Dibba-papà

Vedere in televisione il volto umano (da neo-papà, nella fattispecie) di un esponente del Movimento 5 Stelle è come assistere a un abbraccio fraterno tra Massimo D’Alema e Matteo Renzi. Eppure Alessandro Di Battista, l’altro giorno ospite da Lucia Annunziata, è riuscito a mostrare ai telespettatori proprio il suo volto umano, già poco lucido di suo ma ancor di più dopo la nascita dell’erede (al quale non possiamo, comunque, non esprimere la nostra solidarietà per cotanto padre).

Nonostante il lieto evento che lo ha coinvolto in prima persona, il “Dibba” ci ha lasciato perplessi soprattutto per una bizzarra teoria che proviamo in questa sede a sintetizzare: il M5S ha il 25 per cento dei voti ed è il partito (“Movimento” dicono loro) più votato, mentre gli altri cercano le alleanze tra loro per fotterli.
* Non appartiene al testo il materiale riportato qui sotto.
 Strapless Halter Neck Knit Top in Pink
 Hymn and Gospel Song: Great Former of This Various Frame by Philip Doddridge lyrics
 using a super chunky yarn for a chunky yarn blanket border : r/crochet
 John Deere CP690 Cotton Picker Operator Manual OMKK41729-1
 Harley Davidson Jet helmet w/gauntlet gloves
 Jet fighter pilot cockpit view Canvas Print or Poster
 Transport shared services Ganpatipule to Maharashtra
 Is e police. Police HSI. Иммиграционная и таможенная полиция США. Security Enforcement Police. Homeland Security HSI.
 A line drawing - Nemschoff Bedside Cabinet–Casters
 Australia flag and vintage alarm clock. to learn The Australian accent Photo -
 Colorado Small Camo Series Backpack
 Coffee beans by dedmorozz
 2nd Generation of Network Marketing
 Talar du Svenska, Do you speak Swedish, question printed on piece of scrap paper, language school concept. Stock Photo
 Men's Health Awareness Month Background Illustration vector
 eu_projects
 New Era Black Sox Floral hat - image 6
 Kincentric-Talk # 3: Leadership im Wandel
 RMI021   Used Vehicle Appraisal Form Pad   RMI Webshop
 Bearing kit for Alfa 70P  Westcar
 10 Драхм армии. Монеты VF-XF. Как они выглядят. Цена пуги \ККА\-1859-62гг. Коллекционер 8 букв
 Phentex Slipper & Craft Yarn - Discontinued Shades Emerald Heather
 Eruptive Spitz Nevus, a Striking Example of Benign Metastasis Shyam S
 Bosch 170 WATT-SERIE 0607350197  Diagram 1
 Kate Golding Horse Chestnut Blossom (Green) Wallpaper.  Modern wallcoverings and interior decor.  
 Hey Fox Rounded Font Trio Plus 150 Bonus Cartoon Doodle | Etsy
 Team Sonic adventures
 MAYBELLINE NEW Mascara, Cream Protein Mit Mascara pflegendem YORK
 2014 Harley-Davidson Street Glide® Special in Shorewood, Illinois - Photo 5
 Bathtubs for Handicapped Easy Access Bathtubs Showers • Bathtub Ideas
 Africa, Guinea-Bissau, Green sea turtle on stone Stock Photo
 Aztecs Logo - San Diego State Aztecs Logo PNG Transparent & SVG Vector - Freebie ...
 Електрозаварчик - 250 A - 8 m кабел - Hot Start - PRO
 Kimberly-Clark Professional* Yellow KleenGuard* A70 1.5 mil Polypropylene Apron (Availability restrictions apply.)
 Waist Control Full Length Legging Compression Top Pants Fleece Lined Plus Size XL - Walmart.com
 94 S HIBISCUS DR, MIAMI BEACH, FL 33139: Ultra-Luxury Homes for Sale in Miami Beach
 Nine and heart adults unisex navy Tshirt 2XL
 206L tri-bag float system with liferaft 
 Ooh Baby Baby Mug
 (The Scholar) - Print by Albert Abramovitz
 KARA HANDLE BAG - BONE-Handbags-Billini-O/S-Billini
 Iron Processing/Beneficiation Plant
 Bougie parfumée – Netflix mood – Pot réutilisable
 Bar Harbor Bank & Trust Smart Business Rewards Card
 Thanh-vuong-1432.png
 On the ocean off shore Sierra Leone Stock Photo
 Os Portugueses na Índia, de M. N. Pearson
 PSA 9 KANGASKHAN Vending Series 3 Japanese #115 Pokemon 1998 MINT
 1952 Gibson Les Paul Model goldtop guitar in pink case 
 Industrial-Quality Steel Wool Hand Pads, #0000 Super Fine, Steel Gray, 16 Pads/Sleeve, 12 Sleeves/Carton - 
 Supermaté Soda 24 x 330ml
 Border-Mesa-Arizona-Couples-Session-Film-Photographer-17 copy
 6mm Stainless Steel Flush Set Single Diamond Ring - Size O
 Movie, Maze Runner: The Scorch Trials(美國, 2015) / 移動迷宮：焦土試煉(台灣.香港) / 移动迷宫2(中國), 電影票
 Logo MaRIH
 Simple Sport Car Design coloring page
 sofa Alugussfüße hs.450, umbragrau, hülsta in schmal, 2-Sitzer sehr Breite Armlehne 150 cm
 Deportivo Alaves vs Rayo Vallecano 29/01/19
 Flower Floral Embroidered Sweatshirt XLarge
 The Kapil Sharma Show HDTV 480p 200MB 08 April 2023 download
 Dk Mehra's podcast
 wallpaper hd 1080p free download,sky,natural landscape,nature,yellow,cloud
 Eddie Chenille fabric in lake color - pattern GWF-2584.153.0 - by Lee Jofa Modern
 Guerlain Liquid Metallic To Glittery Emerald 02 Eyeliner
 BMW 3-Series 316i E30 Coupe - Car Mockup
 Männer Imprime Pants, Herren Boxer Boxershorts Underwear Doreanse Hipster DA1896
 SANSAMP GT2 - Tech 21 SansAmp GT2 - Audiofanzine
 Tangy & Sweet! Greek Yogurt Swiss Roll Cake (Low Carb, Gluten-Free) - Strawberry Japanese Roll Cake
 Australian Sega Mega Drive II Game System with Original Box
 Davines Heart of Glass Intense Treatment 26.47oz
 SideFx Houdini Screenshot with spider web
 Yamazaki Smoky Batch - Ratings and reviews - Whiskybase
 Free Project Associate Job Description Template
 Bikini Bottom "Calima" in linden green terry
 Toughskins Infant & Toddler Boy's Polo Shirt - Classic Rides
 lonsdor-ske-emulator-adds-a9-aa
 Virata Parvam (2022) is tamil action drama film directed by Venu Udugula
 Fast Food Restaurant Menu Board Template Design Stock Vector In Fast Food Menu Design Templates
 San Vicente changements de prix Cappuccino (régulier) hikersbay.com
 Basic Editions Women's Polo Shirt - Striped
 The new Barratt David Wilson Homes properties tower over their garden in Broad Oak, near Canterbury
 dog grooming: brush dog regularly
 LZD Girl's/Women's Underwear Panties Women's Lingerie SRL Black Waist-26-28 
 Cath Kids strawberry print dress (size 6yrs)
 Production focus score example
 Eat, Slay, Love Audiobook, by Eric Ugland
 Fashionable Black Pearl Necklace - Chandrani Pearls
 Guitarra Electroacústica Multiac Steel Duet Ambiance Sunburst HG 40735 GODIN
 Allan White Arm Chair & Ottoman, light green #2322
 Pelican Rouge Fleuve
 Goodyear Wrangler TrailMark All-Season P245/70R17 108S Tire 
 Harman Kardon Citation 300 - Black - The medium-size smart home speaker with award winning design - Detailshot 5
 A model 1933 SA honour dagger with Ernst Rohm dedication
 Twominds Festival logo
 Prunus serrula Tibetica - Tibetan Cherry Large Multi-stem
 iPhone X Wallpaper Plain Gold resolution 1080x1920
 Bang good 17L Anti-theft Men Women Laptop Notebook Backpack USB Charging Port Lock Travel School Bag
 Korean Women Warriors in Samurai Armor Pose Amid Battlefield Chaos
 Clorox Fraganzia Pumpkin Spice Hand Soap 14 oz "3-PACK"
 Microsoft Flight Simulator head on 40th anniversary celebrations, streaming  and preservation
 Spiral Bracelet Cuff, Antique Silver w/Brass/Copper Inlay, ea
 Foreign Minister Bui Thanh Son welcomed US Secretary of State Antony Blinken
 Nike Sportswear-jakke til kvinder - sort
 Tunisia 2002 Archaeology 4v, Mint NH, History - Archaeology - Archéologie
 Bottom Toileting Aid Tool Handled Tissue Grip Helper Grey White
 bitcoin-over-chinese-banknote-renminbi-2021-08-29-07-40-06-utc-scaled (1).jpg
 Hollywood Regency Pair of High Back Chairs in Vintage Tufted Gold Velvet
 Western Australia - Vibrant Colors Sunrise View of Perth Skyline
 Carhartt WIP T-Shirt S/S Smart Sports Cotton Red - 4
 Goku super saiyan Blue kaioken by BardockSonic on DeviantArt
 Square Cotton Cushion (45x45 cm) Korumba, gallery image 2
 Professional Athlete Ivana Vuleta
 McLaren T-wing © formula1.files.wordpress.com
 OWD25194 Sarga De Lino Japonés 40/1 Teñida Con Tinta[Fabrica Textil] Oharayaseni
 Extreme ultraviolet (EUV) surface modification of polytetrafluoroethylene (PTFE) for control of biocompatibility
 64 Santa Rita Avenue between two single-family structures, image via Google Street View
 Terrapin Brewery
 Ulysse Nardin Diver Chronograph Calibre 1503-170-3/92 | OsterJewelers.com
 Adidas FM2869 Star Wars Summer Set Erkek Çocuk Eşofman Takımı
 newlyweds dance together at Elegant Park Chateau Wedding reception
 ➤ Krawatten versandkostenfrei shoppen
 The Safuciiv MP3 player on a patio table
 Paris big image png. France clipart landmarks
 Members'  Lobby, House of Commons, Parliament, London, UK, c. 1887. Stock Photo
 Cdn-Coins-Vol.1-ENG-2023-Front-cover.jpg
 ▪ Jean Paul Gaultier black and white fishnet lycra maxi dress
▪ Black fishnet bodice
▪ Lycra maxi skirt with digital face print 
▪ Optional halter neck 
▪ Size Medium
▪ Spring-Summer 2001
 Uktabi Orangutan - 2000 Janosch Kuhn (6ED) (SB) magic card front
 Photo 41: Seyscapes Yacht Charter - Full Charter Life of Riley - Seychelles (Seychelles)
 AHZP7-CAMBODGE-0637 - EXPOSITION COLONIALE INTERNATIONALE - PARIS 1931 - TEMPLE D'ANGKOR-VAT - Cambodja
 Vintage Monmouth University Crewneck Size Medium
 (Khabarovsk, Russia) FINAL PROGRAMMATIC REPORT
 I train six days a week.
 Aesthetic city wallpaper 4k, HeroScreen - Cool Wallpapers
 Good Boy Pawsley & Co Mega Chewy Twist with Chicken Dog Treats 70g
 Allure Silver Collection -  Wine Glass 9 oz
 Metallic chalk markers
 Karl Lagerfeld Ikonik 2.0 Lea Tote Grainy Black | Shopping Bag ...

In altri termini, i grillini non vogliono allearsi con nessuno e, nel contempo, hanno la pretesa di governare con una percentuale (sulla carta) di voti che maggioranza non è.

Dibba-papà è sicuramente uno dei pezzi da novanta del movimento grillino, ma dovrebbe spiegarci come può pensare che la democrazia possa prevedere il governo di uno schieramento che rappresenti il 25 per cento dei voti. E dovrebbe spiegarlo, tra una poppata e l’altra, soprattutto all’altro 75 per cento che per il M5S non vota. Capiamo che il concetto di “democrazia” in casa grillina sia, a dir poco, piuttosto flessibile/discutibile, ma si ritiene che pretendere di governare il Paese con il 25 per cento dei consensi sia quanto meno eccessivo.